Simulating Supersonic Turbulence in Galaxy Outflows

TL;DR

This paper introduces a new simulation approach for galaxy outflows driven by supersonic turbulence, capturing complex gas dynamics and cooling effects in dwarf galaxies like NGC 1569.

Contribution

It develops a subgrid turbulence model integrated with adaptive mesh simulations, enabling realistic representation of supernova-driven turbulence and outflows in starburst galaxies.

Findings

Supersonic turbulence drives large-scale outflows avoiding dense regions.

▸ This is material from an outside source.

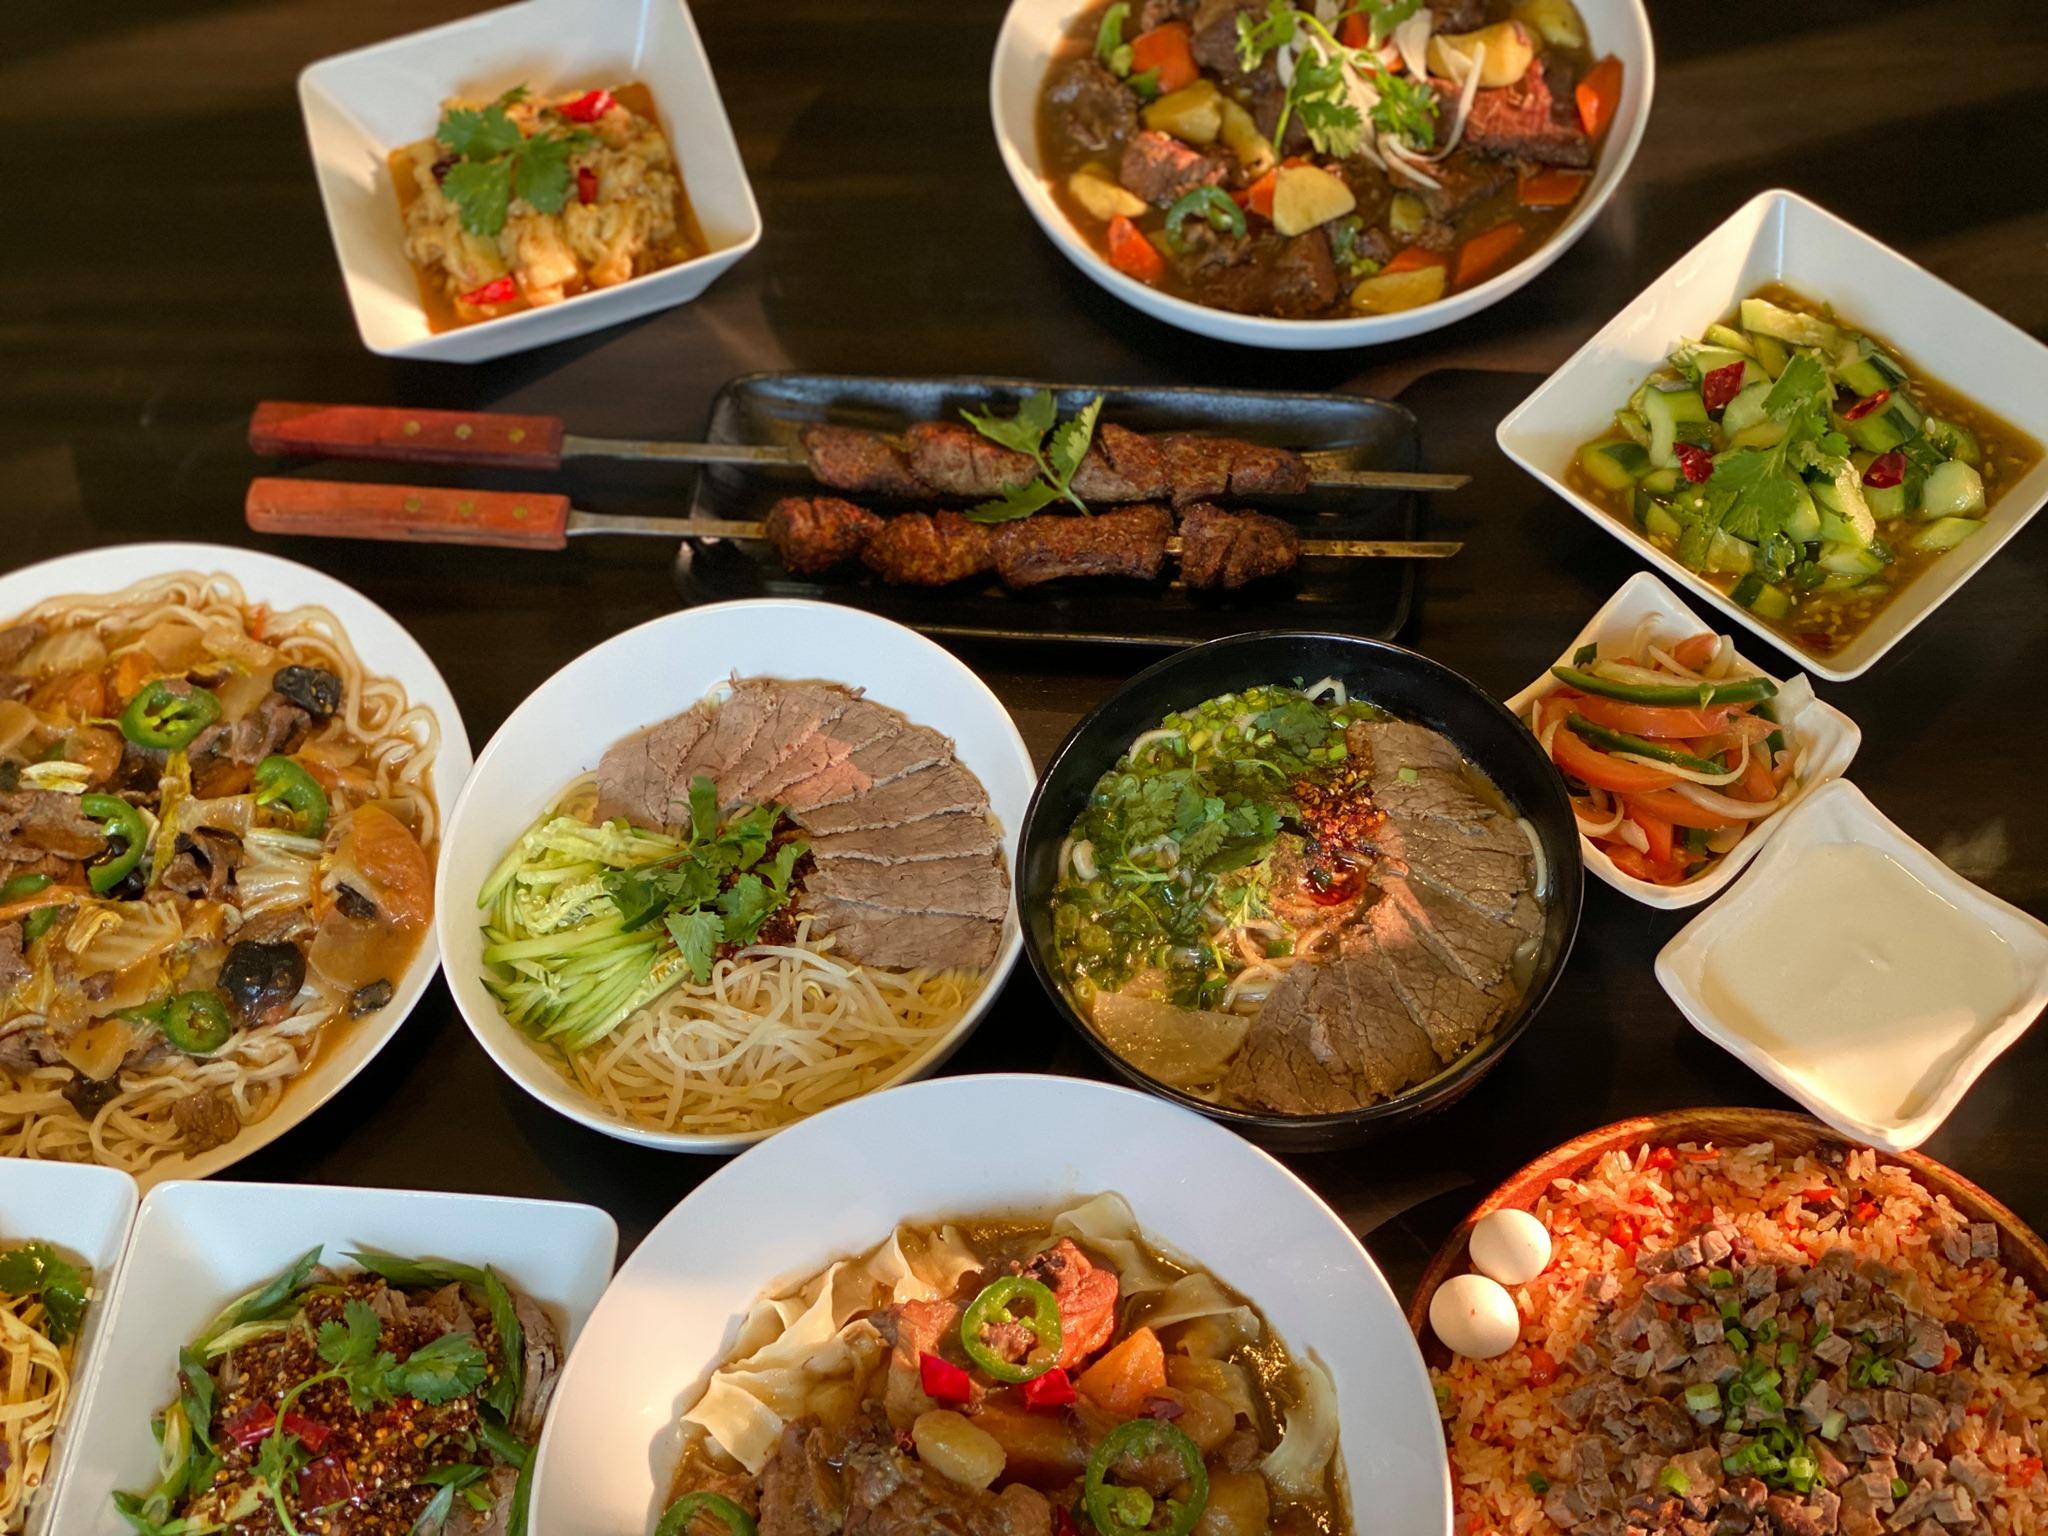 Kusan Uyghur Cuisine San Jose catering
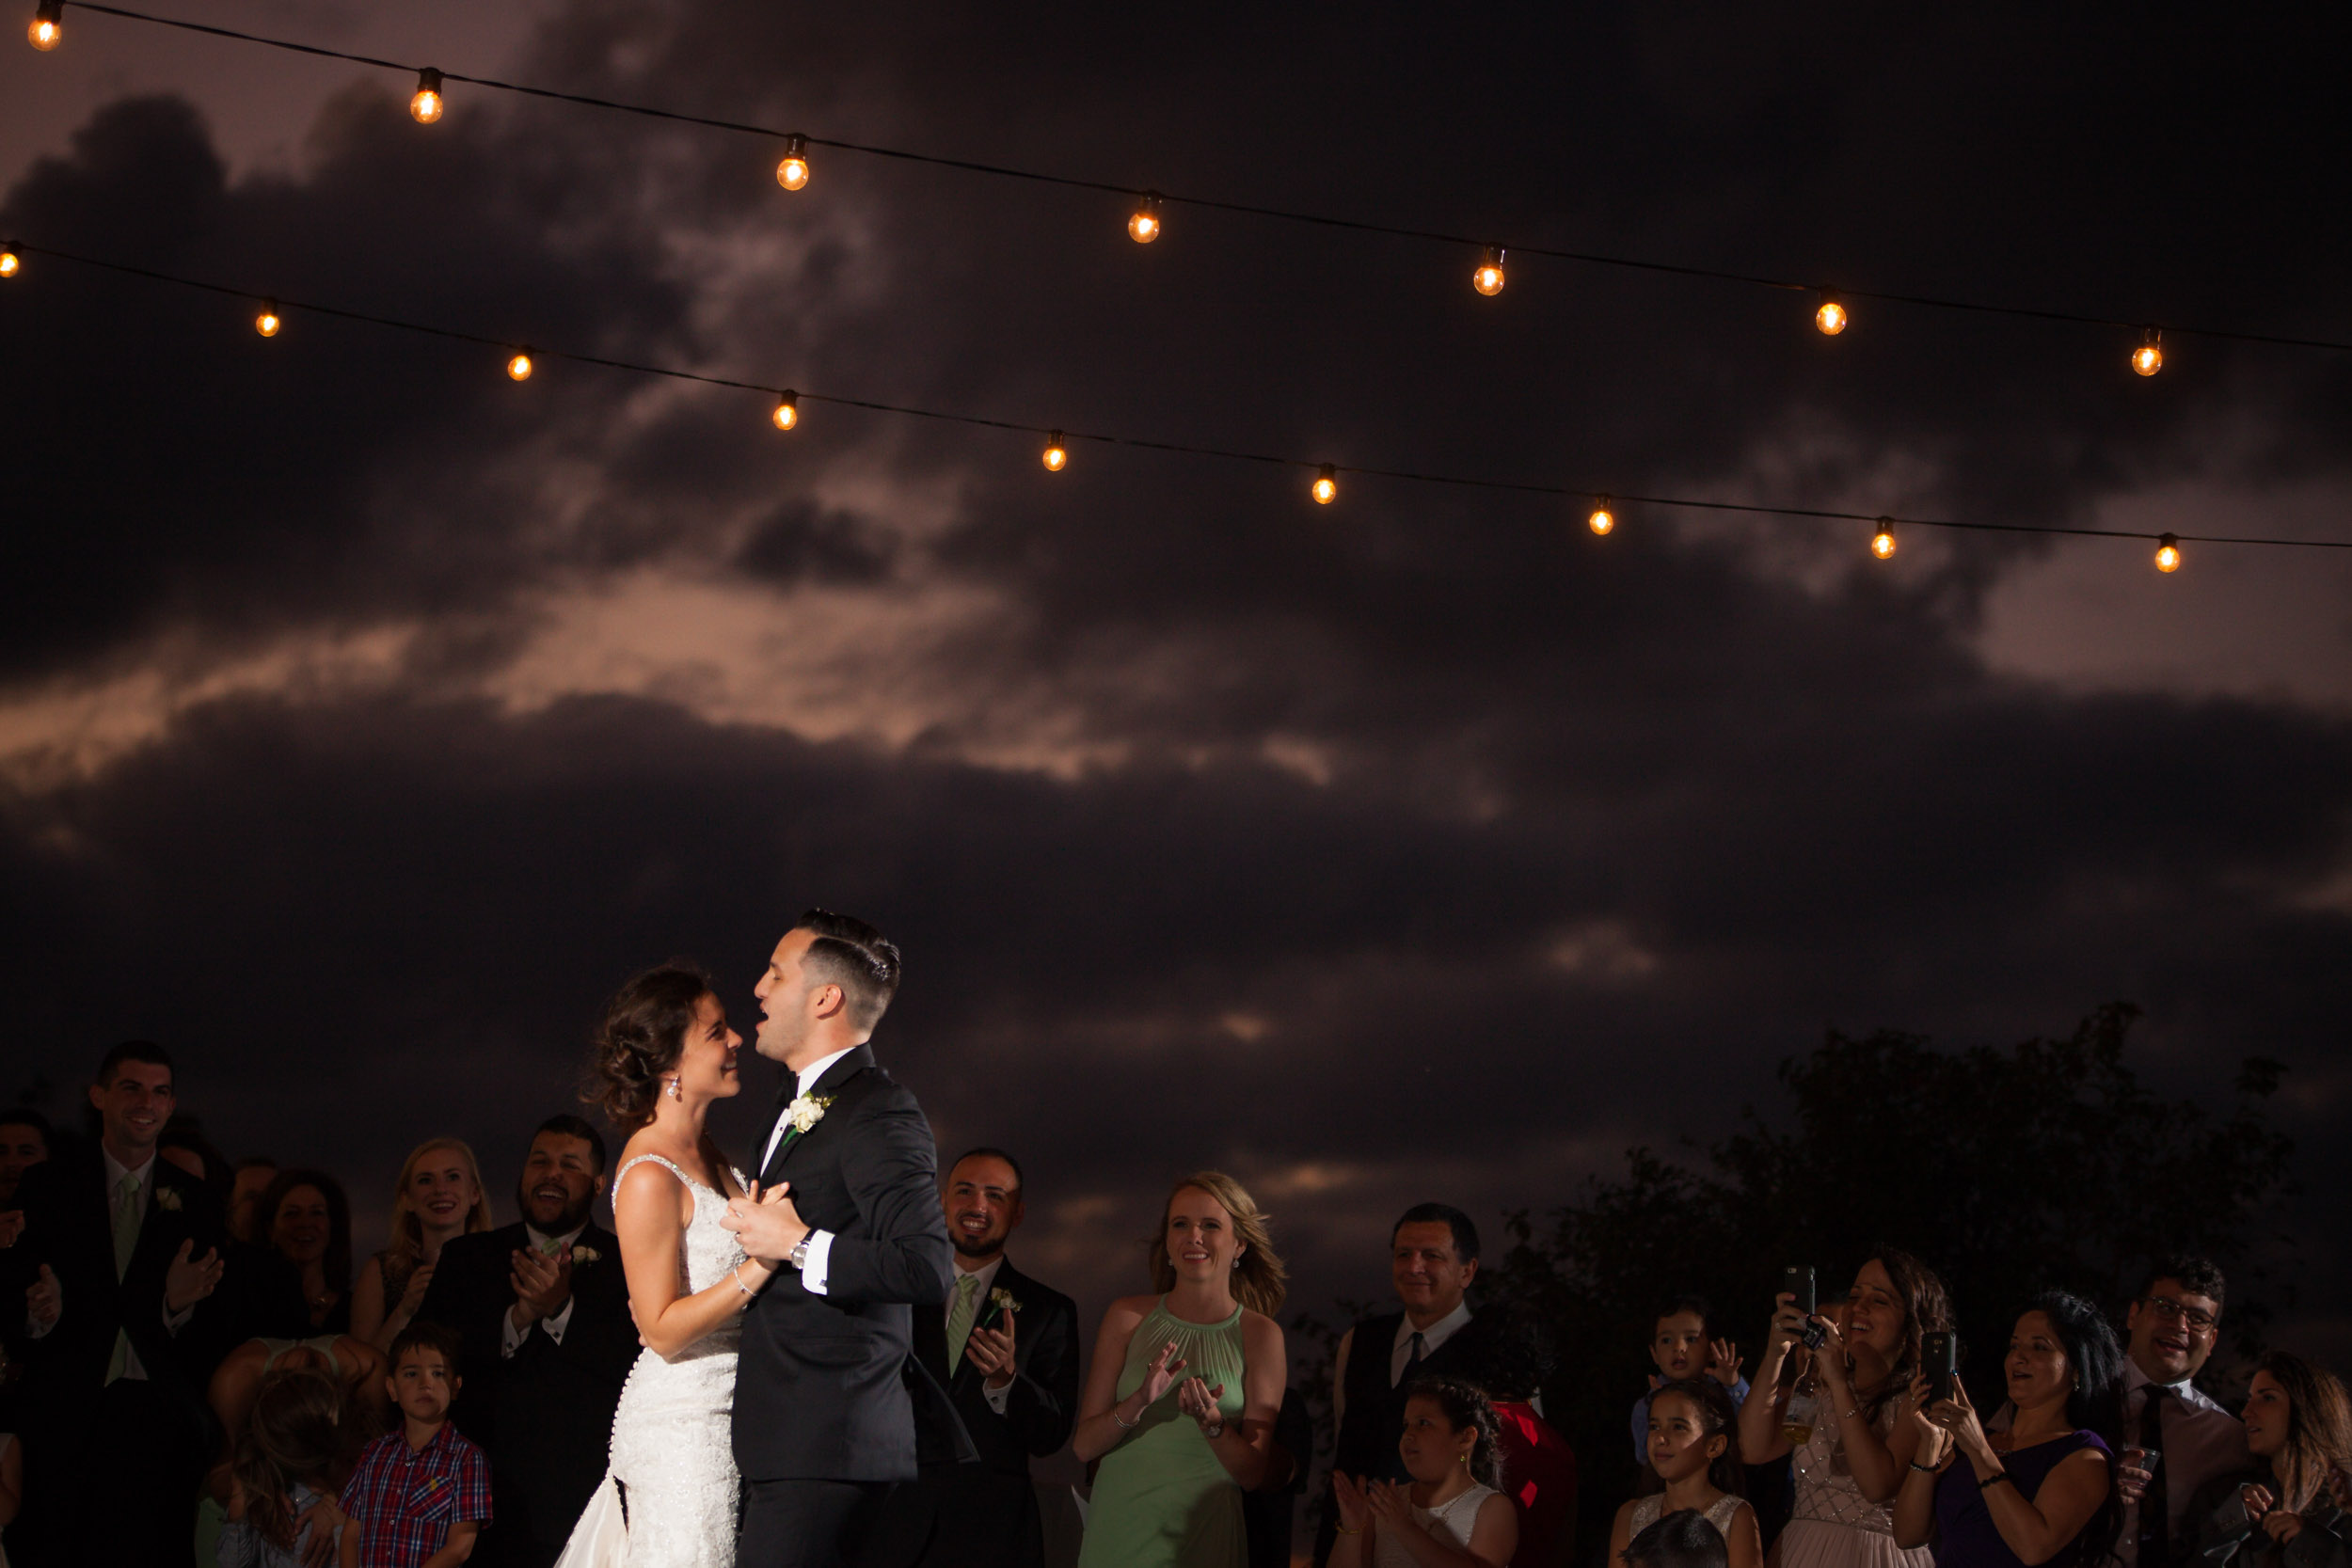 Flordia-Wedding-Photography-59.jpg

Cooling instability creates long-lived hot gas pockets around OB associations.

Turbulent mixing leads to chaotic bubble and filament structures.

Abstract

We present three-dimensional, adaptive mesh simulations of dwarf galaxy out- flows driven by supersonic turbulence. Here we develop a subgrid model to track not only the thermal and bulk velocities of the gas, but also its turbulent velocities and length scales. This allows us to deposit energy from supernovae directly into supersonic turbulence, which acts on scales much larger than a particle mean free path, but much smaller than resolved large-scale flows. Unlike previous approaches, we are able to simulate a starbursting galaxy modeled after NGC 1569, with realistic radiative cooling throughout the simulation. Pockets of hot, diffuse gas around individual OB associations sweep up thick shells of material that persist for long times due to the cooling instability. The overlapping of high-pressure, rarefied regions leads to a collective central outflow that escapes the galaxy by eating away at the exterior gas through turbulent mixing, rather than gathering it into a thin, unstable shell. Supersonic, turbulent gas naturally avoids dense regions where turbulence decays quickly and cooling times are short, and this further enhances density contrasts throughout the galaxy- leading to a complex, chaotic distribution of bubbles, loops and filaments as observed in NGC 1569 and other outflowing starbursts.